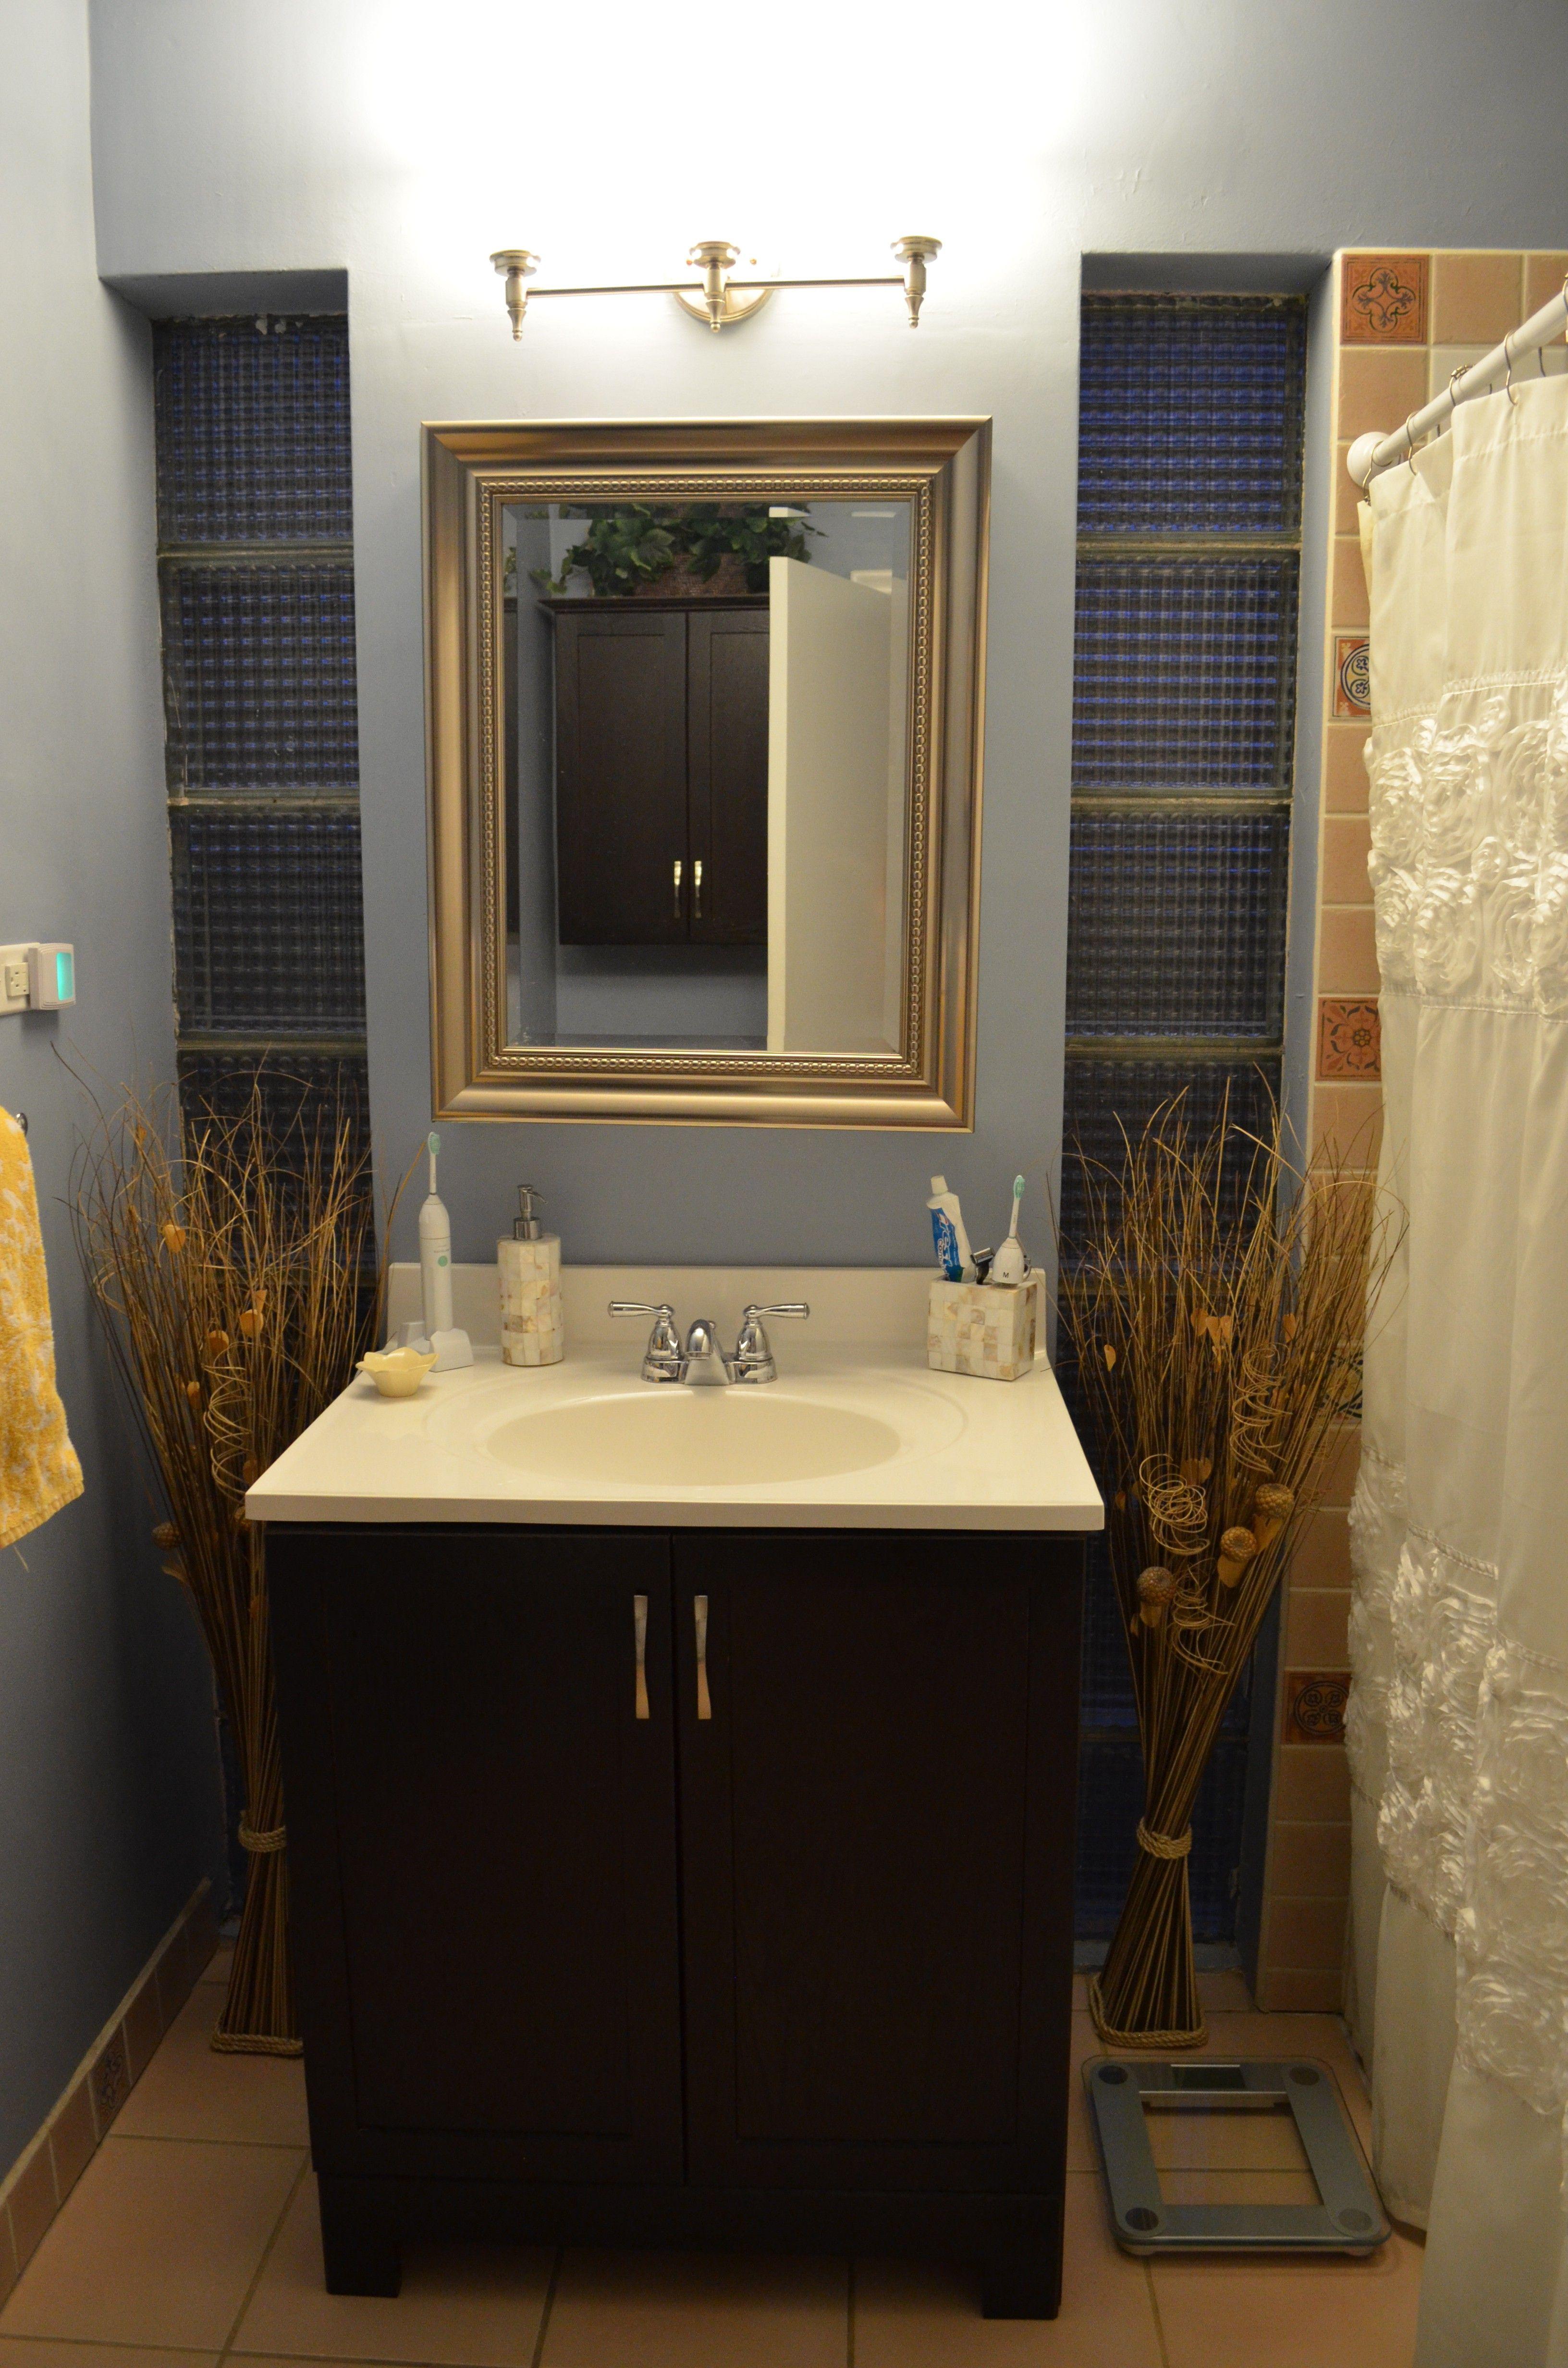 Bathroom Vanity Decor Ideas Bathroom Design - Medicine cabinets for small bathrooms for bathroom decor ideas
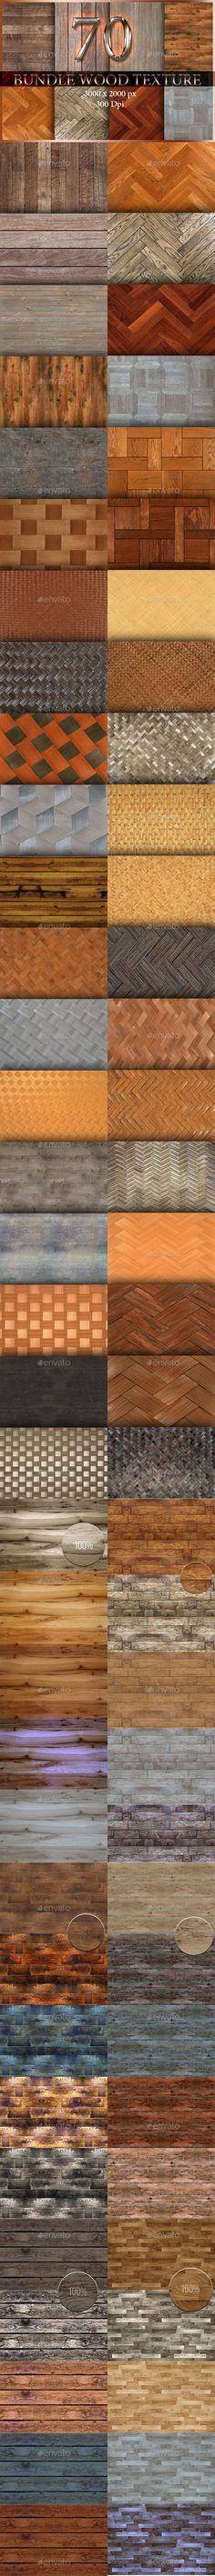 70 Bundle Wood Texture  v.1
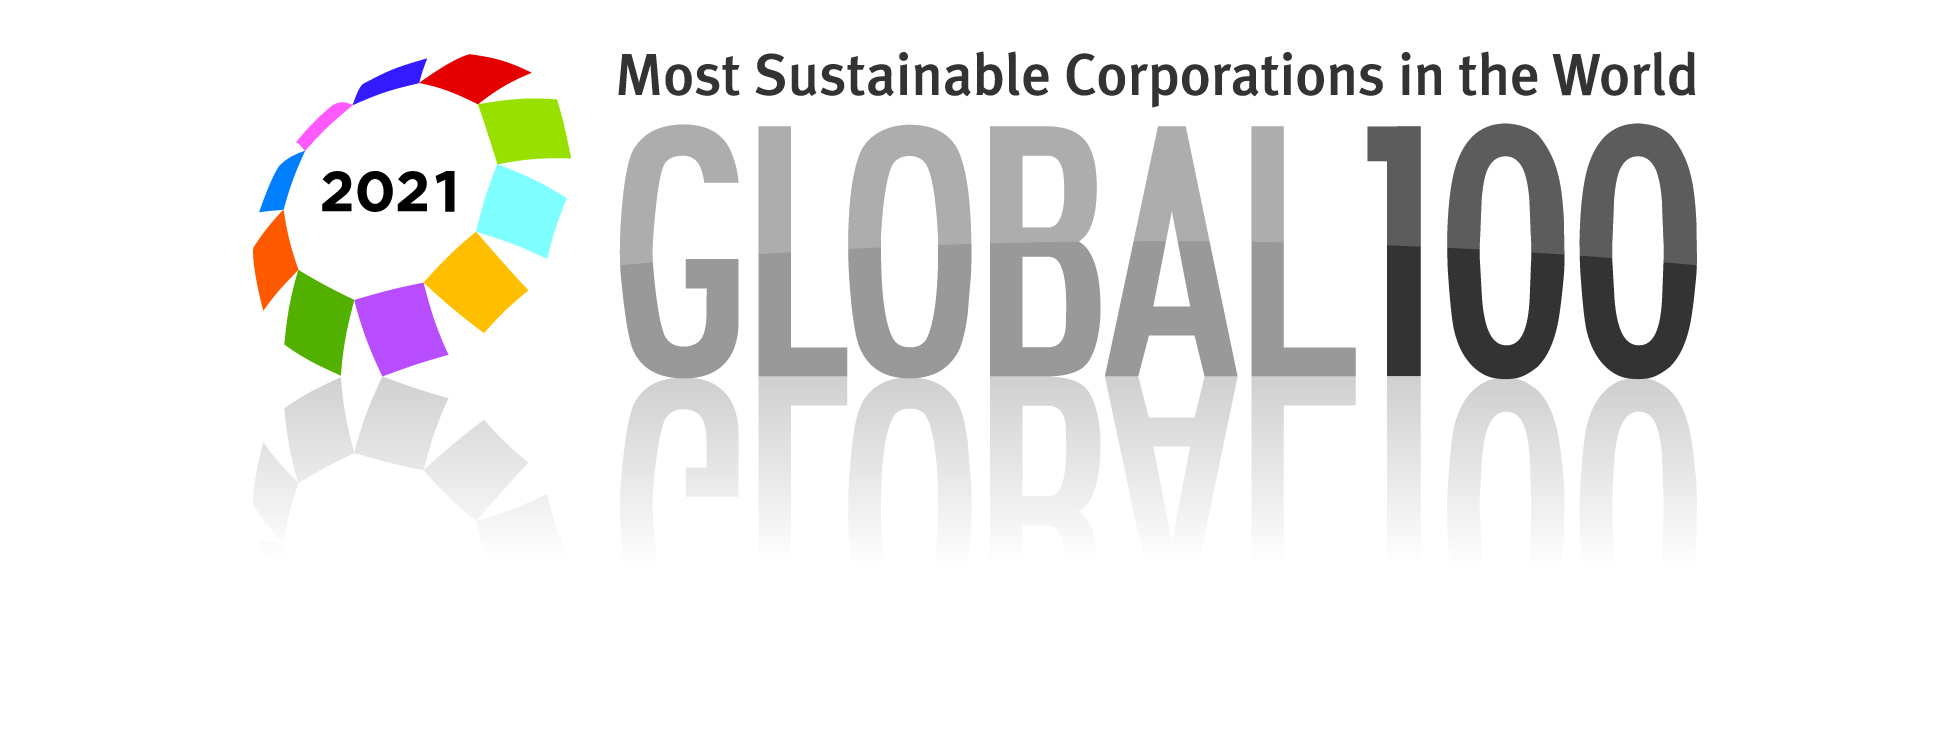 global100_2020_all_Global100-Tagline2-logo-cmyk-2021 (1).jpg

:: PROBLEM ::
What this calls for is the material above set down exactly, pictures excluded.

:: RESULT OF THE TASK ::
 Bathroom Vanity Decor Ideas Bathroom Design - Medicine cabinets for small bathrooms for bathroom decor ideas
 70 Bundle Wood Texture  v.1
 global100_2020_all_Global100-Tagline2-logo-cmyk-2021 (1).jpg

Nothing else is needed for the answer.